Summary:ASTERISK-20854: app_minivm core dump in ast_str_encode_mime
Reporter:Chris Warr (chriswarr)Labels:
Date Opened:2013-01-02 18:02:37.000-0600Date Closed:2013-01-15 09:49:54.000-0600
Versions:10.9.0 Frequency of
is duplicated byASTERISK-18697 [minivm] Crash in MinivmNotify
Environment:Centos 6.3Attachments:
Description:ast_str_encode is called from sendmail if an address contains any characters that need mime-encoding.  In my case the user name was "Laura (Reception)".

It looks like when the ast_str_encode_mime function was converted to use the ast_str structure someone didn't remove a string initialisation.  The bug occurs from *end = '\0' clearing out the structure and later it's set which core dumps.

struct ast_str *tmp = ast_str_alloca(80);
int first_section = 1;
*end = '\0';                  <-- This should be deleted



  // Will core dump a functions down through here
  ast_str_append(end, maxlen, "%s%s?=%s", first_section ? "" : " ", ast_str_buffer(tmp), ast_str_strlen(tmp) + postamble > 74 ? " " : "");

This bug is still in the 11 branch, however I am using 10.9.
I've removed this line, recompiled at tested successfully.

Comments:By: Rusty Newton (rnewton) 2013-01-04 13:15:49.854-0600

Acknowledged this issue.

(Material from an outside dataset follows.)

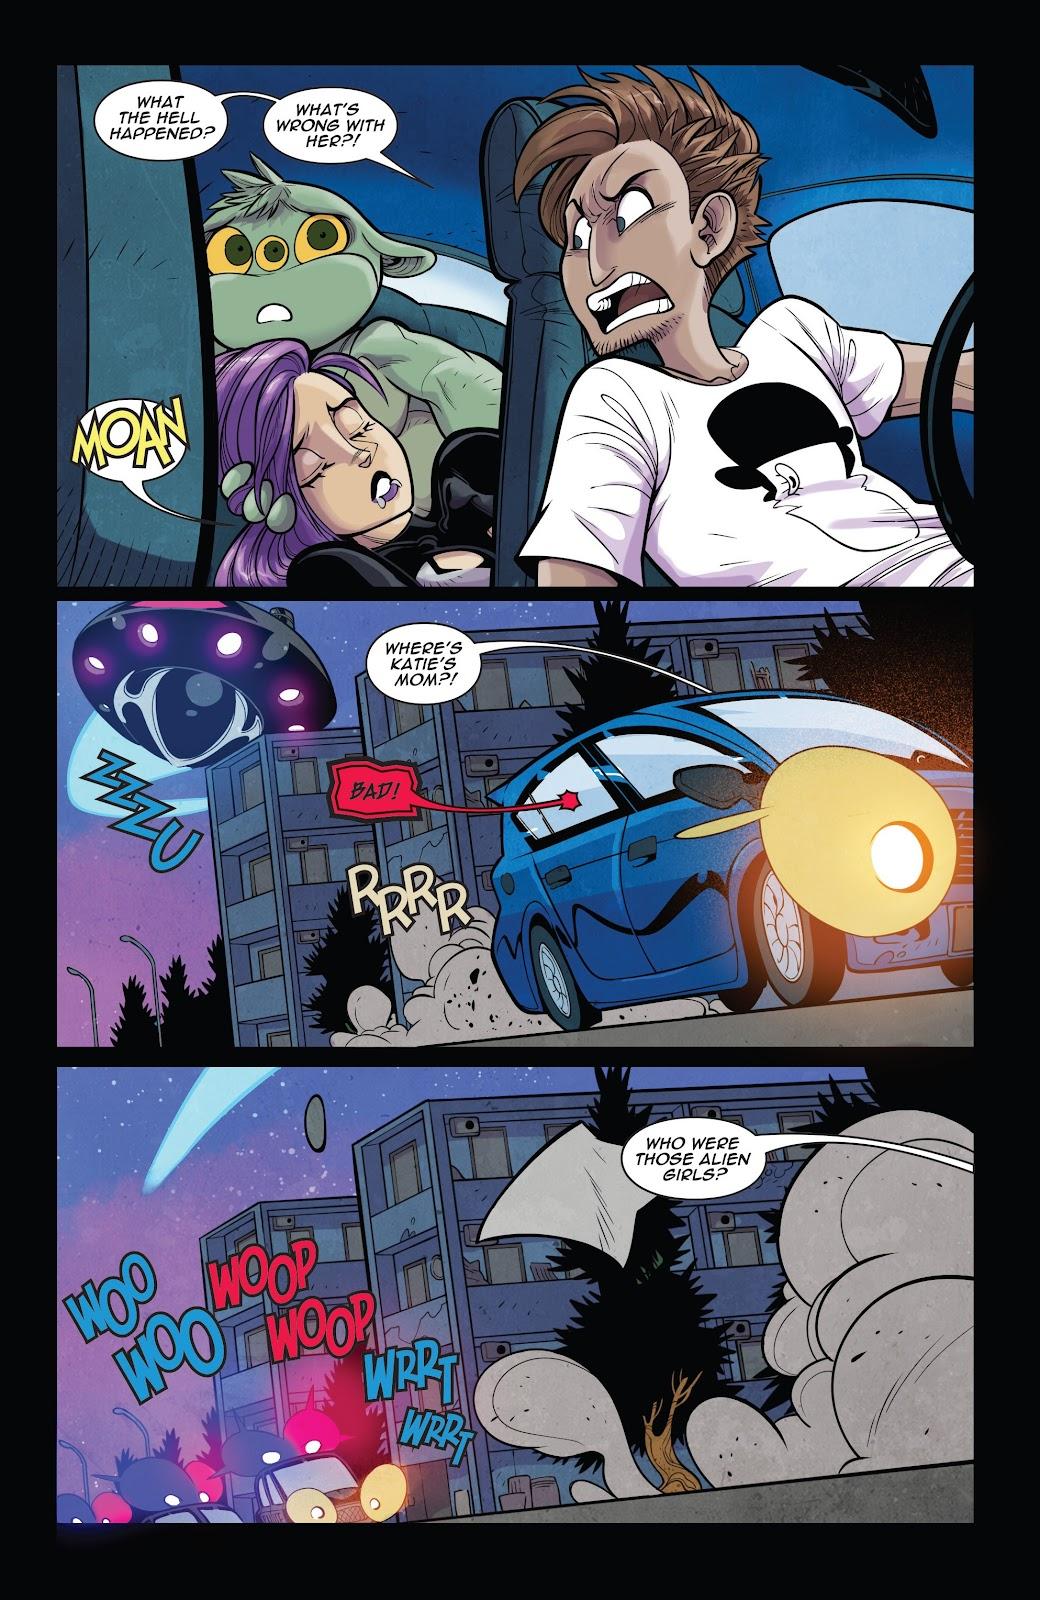 Read online Vampblade Season 3 comic -  Issue #11 - 5

One of the community developers working with app_minivm will need to look it over and provide a patch.

By: Matt Jordan (mjordan) 2013-01-15 08:57:01.812-0600

Comparing this to {{ast_str_encode_mime}} in {{app_voicemail}}, your analysis is correct.

The fact that we have two implementations of this method - where one of them is wrong and causes a crash - is no good. This should probably be a public function in strings.h.

By: Matt Jordan (mjordan) 2013-01-15 09:49:49.471-0600

This is actually a duplicate of ASTERISK-18697.